In O’Donnell’s film, it’s all in the ‘Family’

Rosie O’Donnell  (Associated Press)
David Bauder Associated Press

HBO wasn’t looking for a political film when it asked Rosie O’Donnell to make a documentary about families, but realized in progress that it had one.

“A Family Is a Family Is a Family: A Rosie O’Donnell Celebration,” which debuts tonight at 7, is primarily children talking about their families: adopted children, those with two moms, those with two dads, those taken care of by a grandparent, single parents, multiracial blends.

Oh, and a mother and a father living under the same roof.

All were comfortable with their own families, even if some in society are not comfortable with all the different family configurations.

“All children need to see their own lives reflected in the media and need to be included when there are discussions about family,” said O’Donnell, who has four children.

“To vilify a whole group of people, or children, because of the sexual orientation of their parents, I don’t know if that does anything to help the next generation,” the 47-year-old comedian-actress said.

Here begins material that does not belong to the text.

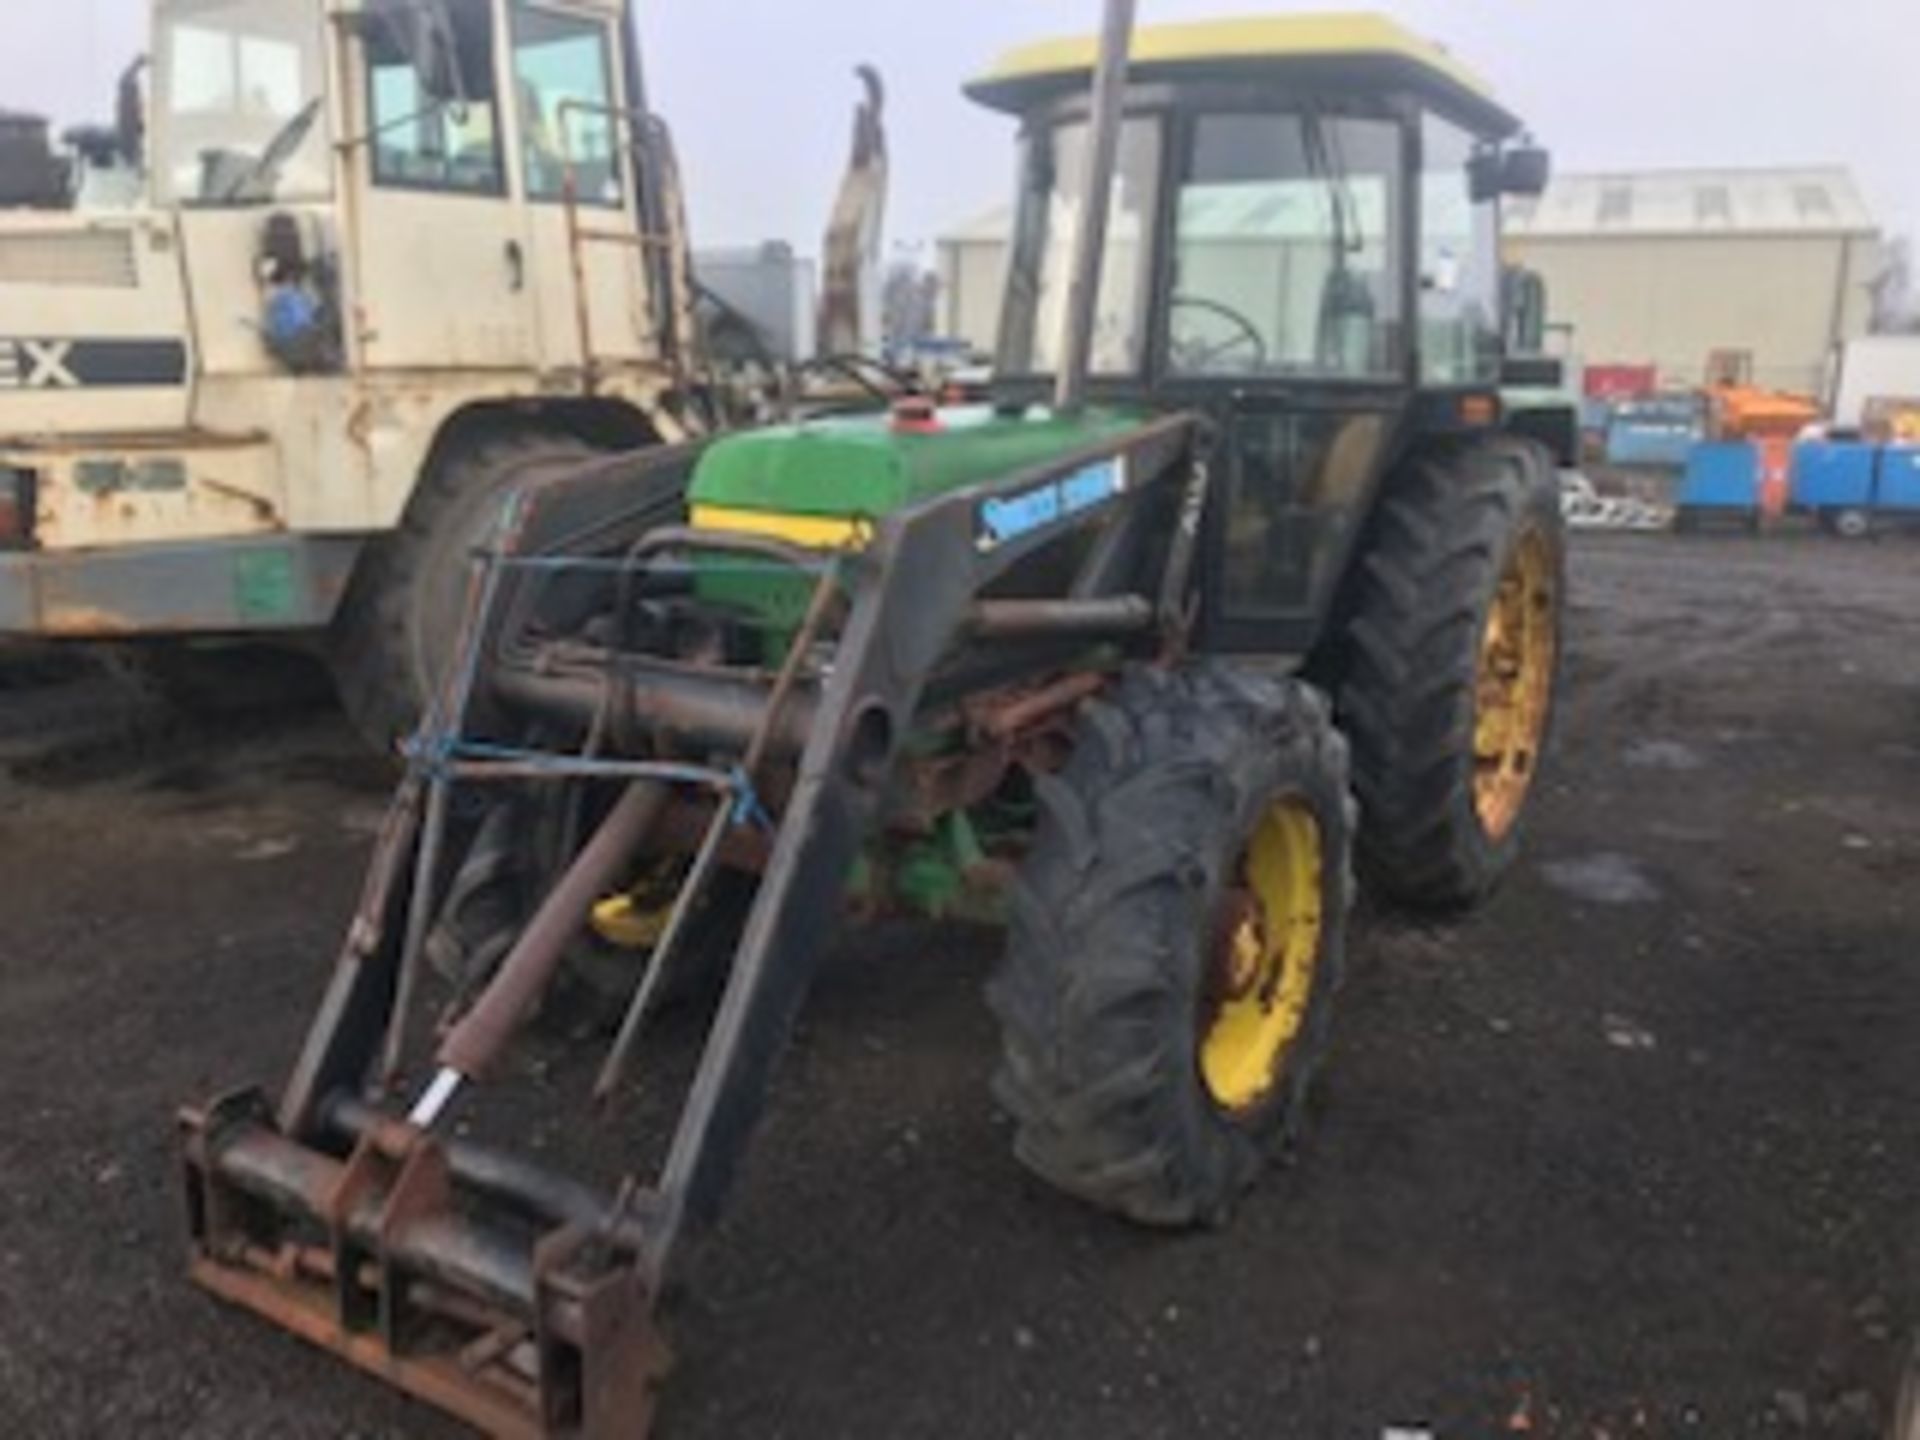 1985 JOHN DEERE 2040S XE SERIES QUICKE 2300 loader 4 wd Reg No B98 NSO S/N 544990 9418hrs (not verif - Image 2 of 4

Producers set out initially to find nontraditional families with the idea of comforting anxieties, showing these children that deep down, families are families.

Seeing them all together made Sheila Nevins, head of HBO’s documentary unit, realize that it was making a political point.

With the effort to be all-inclusive, Nevins said that near the end, she realized they hadn’t talked to enough families with a married mother and father.

“There are no endorsements,” she said. “It’s just kids expressing what it means to be in a family.”

Some animation and music from the likes of Ziggy Marley singing with his mother and sister complement the kids.

Two moms are shown preparing to get married with their children involved, two dads say a prayer at the kitchen table with the daughter they adopted, and three brothers who live with their mother and grandmother mug for the camera.

Even her own children sometimes struggle with issues of family identity, with adoption and test-tube conception, O’Donnell said. She asked all four what would be their ideal family and got four different answers, including one who said a mother and father.

She and Nevins talked about whether O’Donnell and her family should be in the film, particularly as it was being made at a period of transition with O’Donnell and her partner Kelli Carpenter separating.

Ultimately, they decided it would seem strange without them.

“I wanted it to be a stew, a stew with equal portions of everything – a little bit of me, a little carrots, a little celery,” O’Donnell said. “I just wanted to be one of the many vegetables in the pot.”